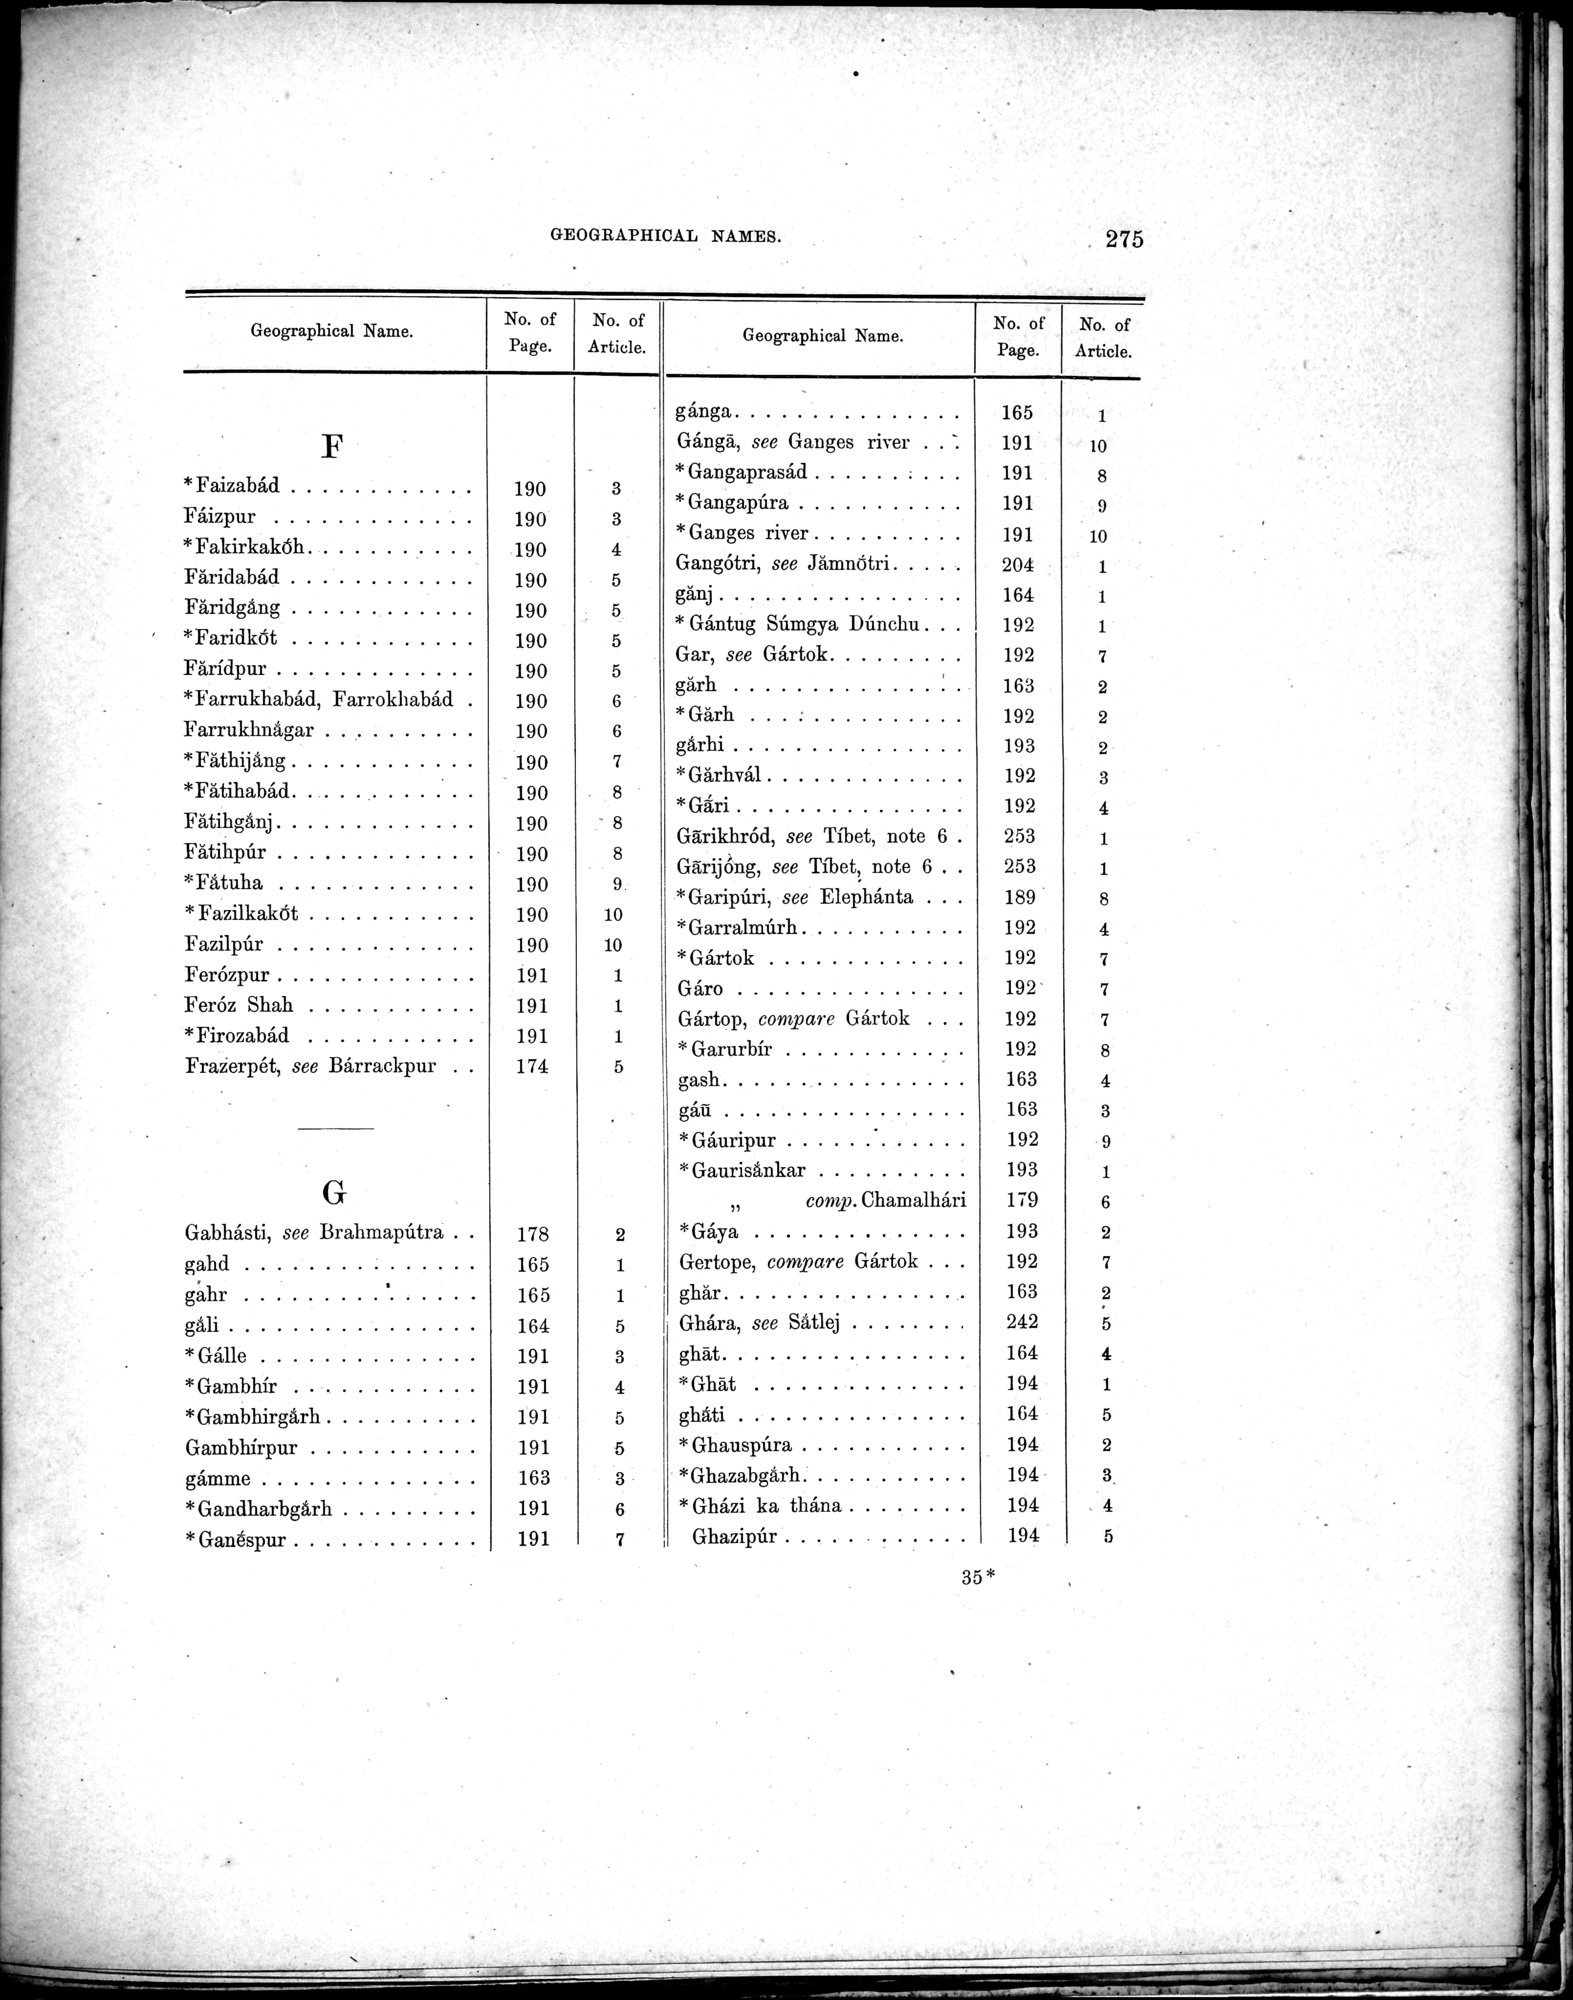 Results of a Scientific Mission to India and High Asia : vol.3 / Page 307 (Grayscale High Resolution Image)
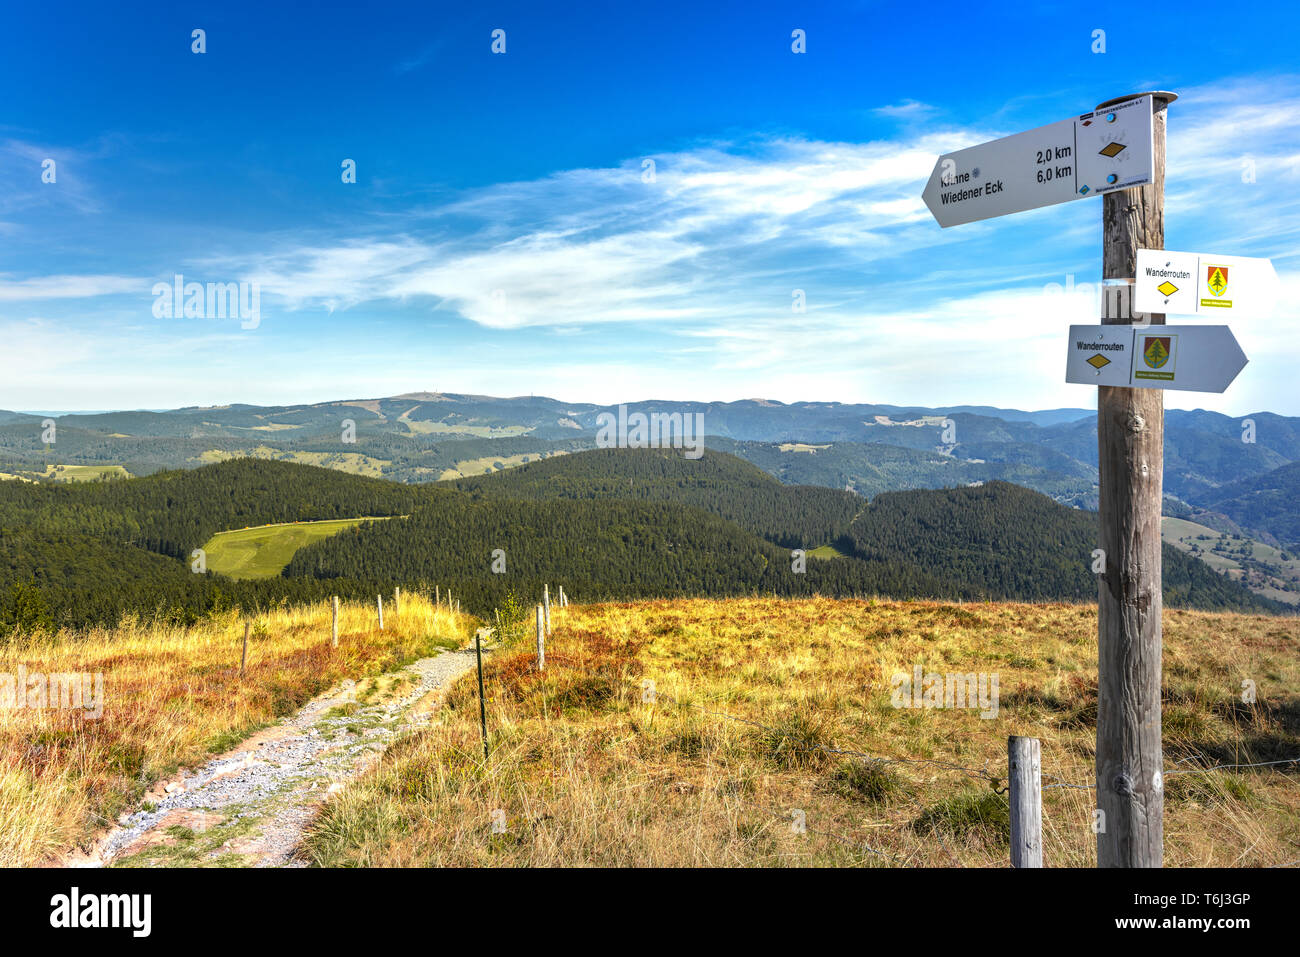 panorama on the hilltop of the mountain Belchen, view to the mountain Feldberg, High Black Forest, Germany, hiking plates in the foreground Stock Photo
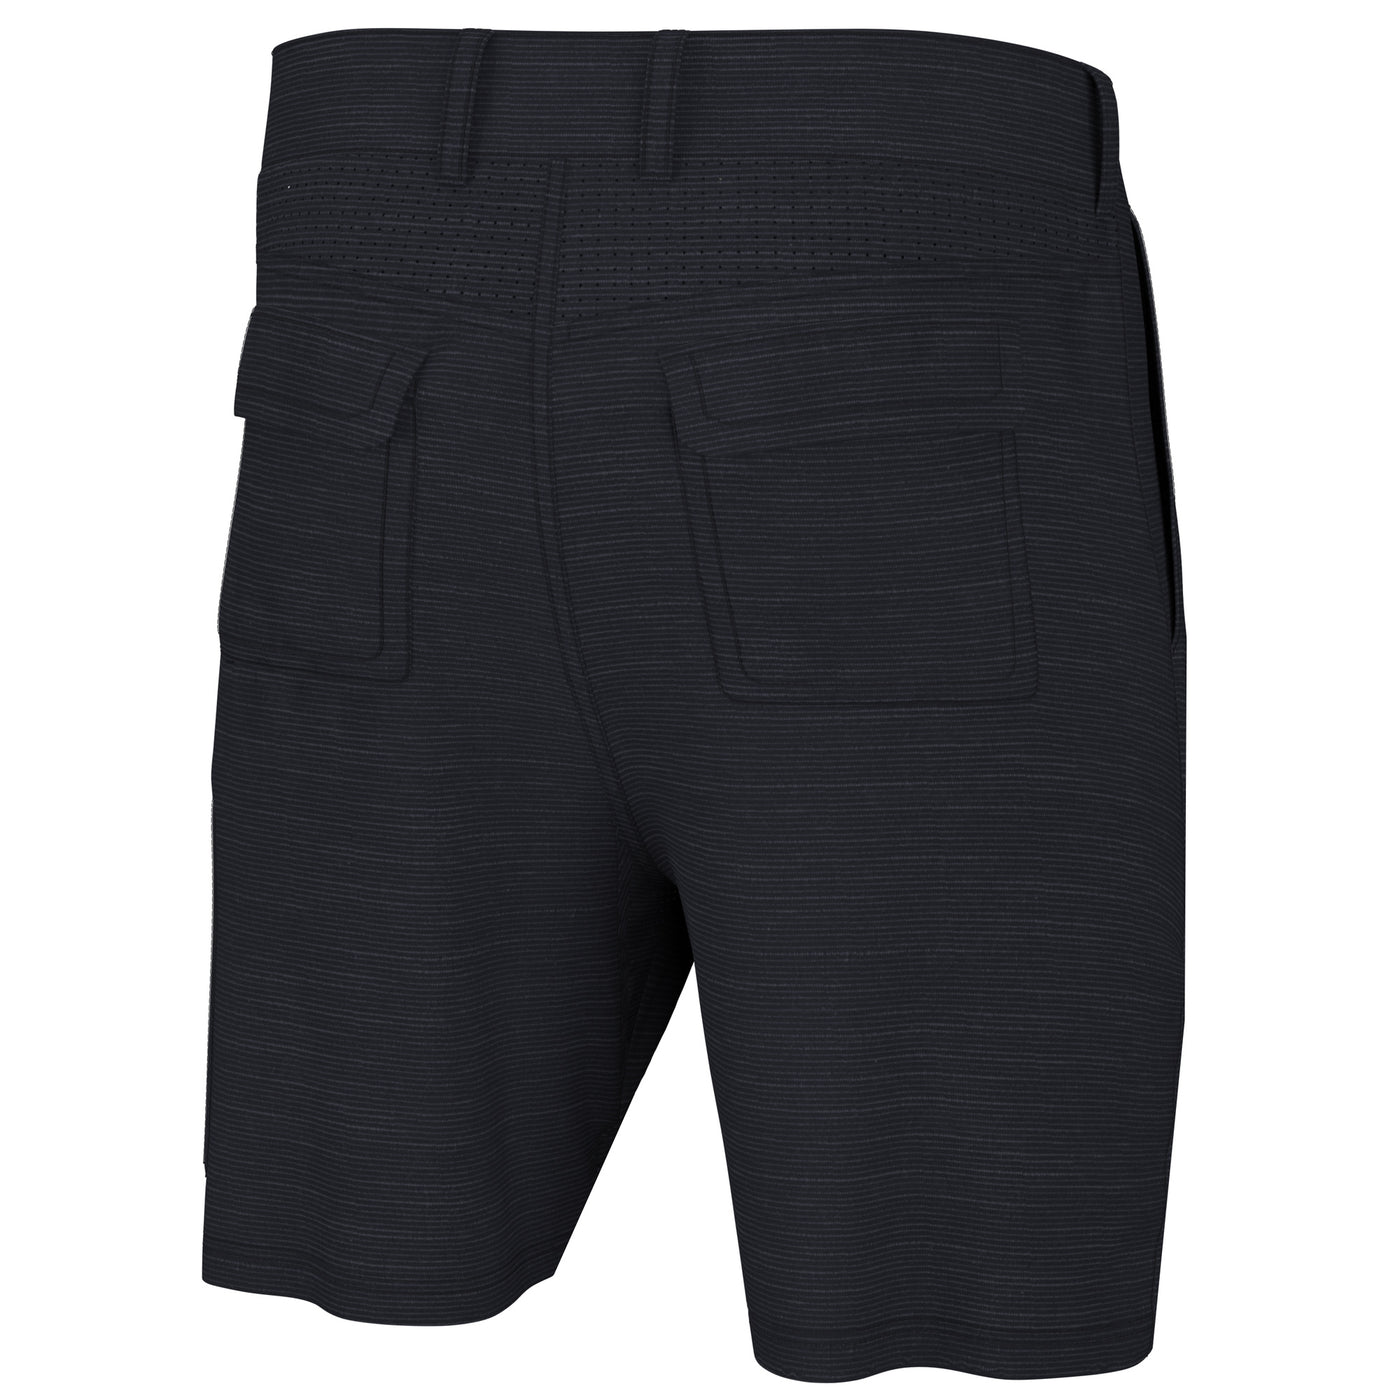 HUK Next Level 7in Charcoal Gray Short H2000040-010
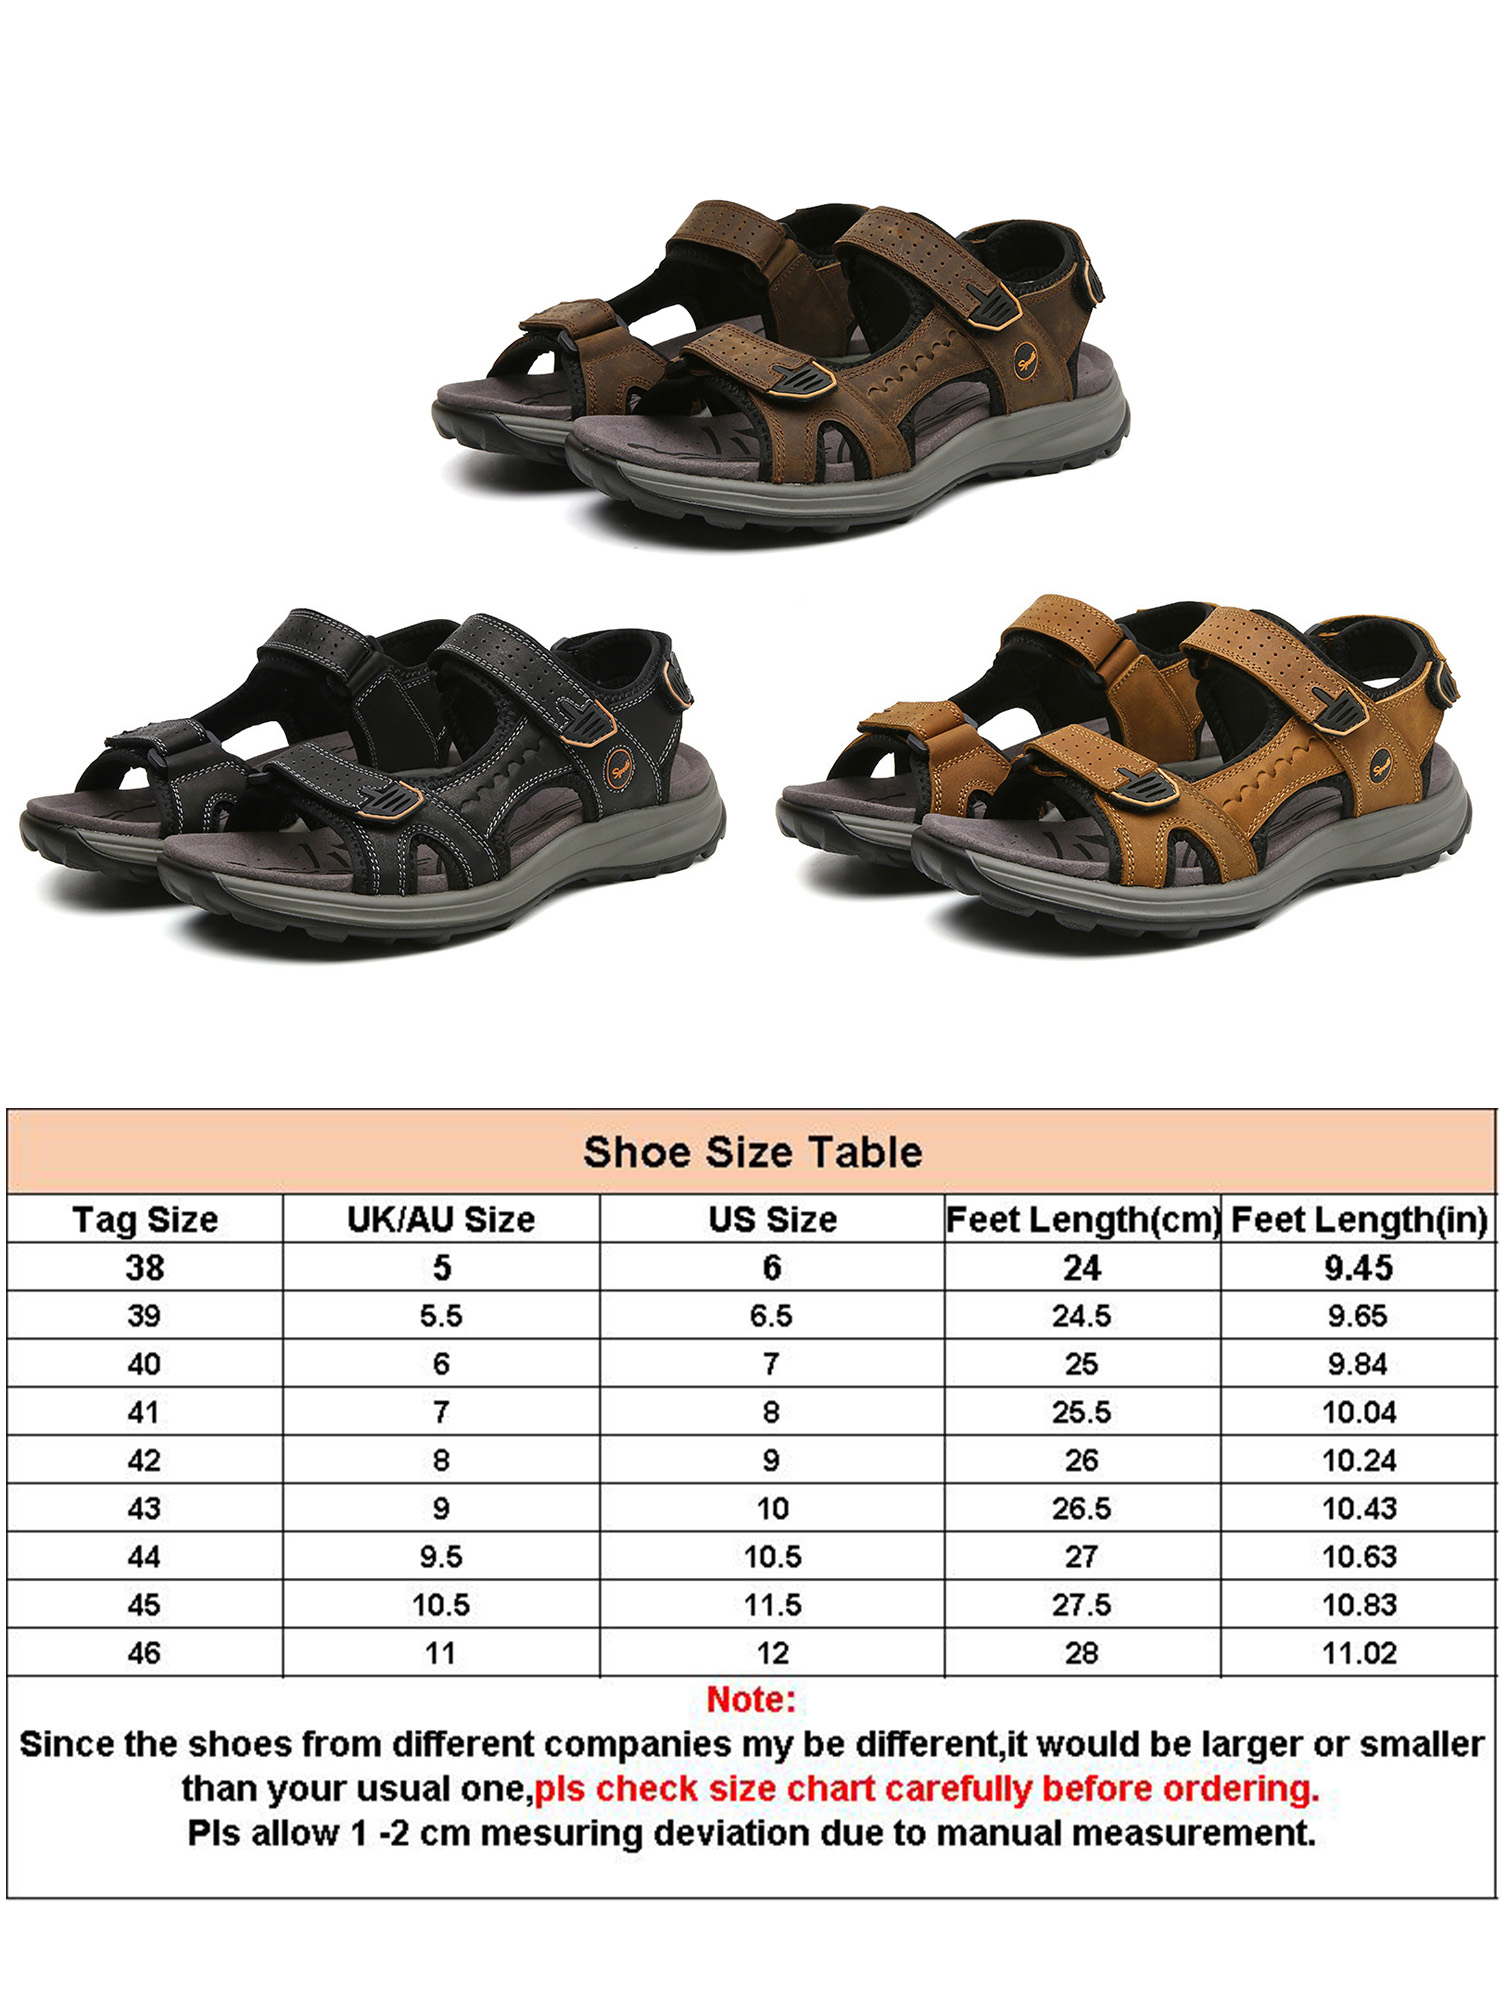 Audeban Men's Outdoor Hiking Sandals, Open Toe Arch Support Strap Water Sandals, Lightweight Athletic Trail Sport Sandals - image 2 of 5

▸ Prompt:
Copy out every line above, word for word, minus images.

▸ Solution to this exercise:
 Results of a Scientific Mission to India and High Asia : vol.3 / Page 307 (Grayscale High Resolution Image)
 panorama on the hilltop of the mountain Belchen, view to the mountain Feldberg, High Black Forest, Germany, hiking plates in the foreground Stock Photo
 HUK Next Level 7in Charcoal Gray Short H2000040-010
 Audeban Men's Outdoor Hiking Sandals, Open Toe Arch Support Strap Water Sandals, Lightweight Athletic Trail Sport Sandals - image 2 of 5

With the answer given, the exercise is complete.